→ WHAT THIS TASK INVOLVES: Entries below include pictures. Output exactly the lines from the one with "Black and white" down to the one with "30PC 1:12 Scale", both ends included, and leave the pictures out.

→ GIVEN RECORDS:
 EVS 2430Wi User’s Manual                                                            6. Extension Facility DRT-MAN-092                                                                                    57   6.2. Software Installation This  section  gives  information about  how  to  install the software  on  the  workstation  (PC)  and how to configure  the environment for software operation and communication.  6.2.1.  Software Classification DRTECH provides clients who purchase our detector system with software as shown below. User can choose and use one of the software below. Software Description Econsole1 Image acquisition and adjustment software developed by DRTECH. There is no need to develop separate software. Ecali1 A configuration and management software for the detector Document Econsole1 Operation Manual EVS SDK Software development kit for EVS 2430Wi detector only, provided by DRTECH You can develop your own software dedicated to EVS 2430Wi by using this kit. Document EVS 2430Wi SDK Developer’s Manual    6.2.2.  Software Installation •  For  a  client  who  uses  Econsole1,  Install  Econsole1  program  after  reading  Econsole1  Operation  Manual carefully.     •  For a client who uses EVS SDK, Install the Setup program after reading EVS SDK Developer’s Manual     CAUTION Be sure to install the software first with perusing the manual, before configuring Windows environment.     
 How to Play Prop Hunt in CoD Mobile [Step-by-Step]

---

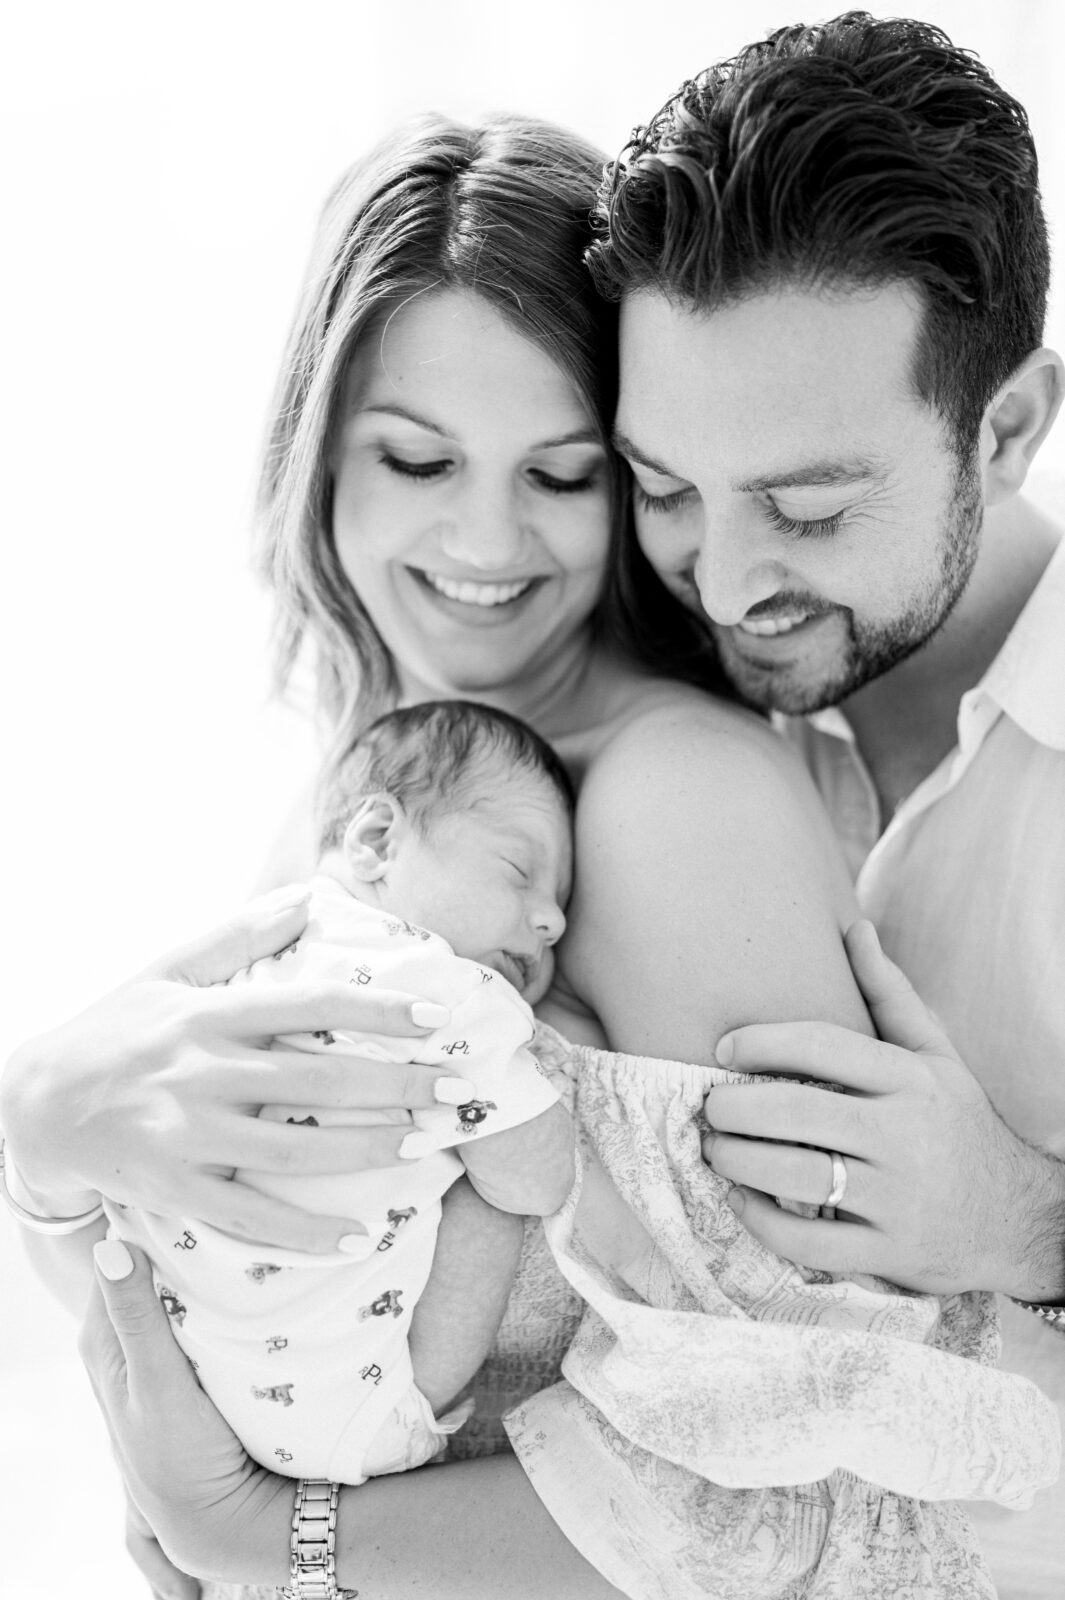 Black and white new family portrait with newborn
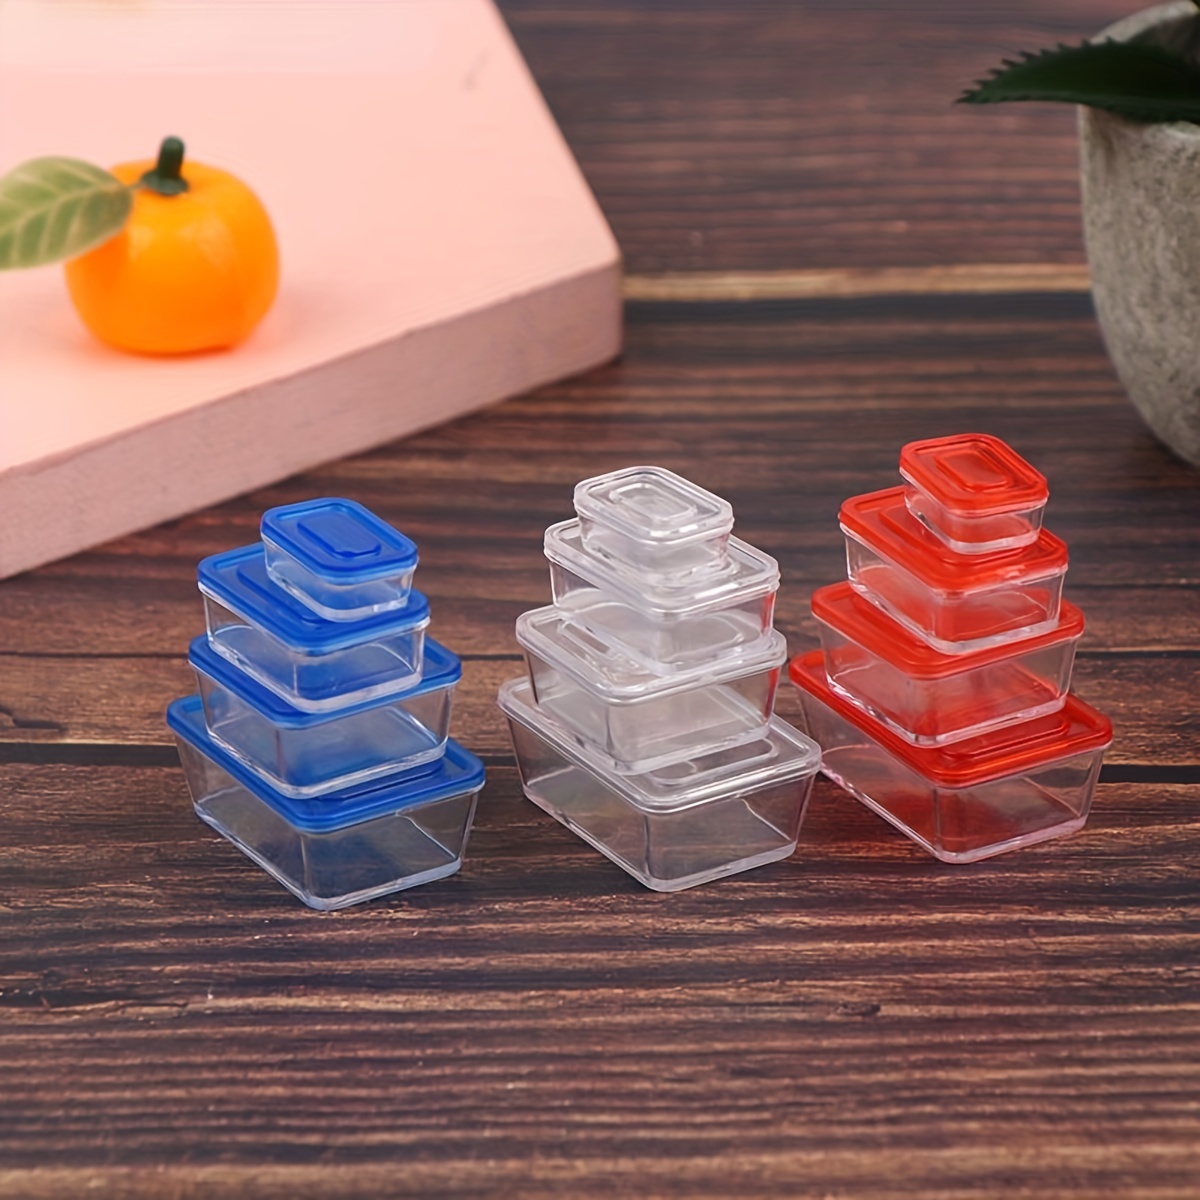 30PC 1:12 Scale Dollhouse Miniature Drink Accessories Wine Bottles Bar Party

→ EXERCISE RESULT:
 Black and white new family portrait with newborn
 30PC 1:12 Scale Dollhouse Miniature Drink Accessories Wine Bottles Bar Party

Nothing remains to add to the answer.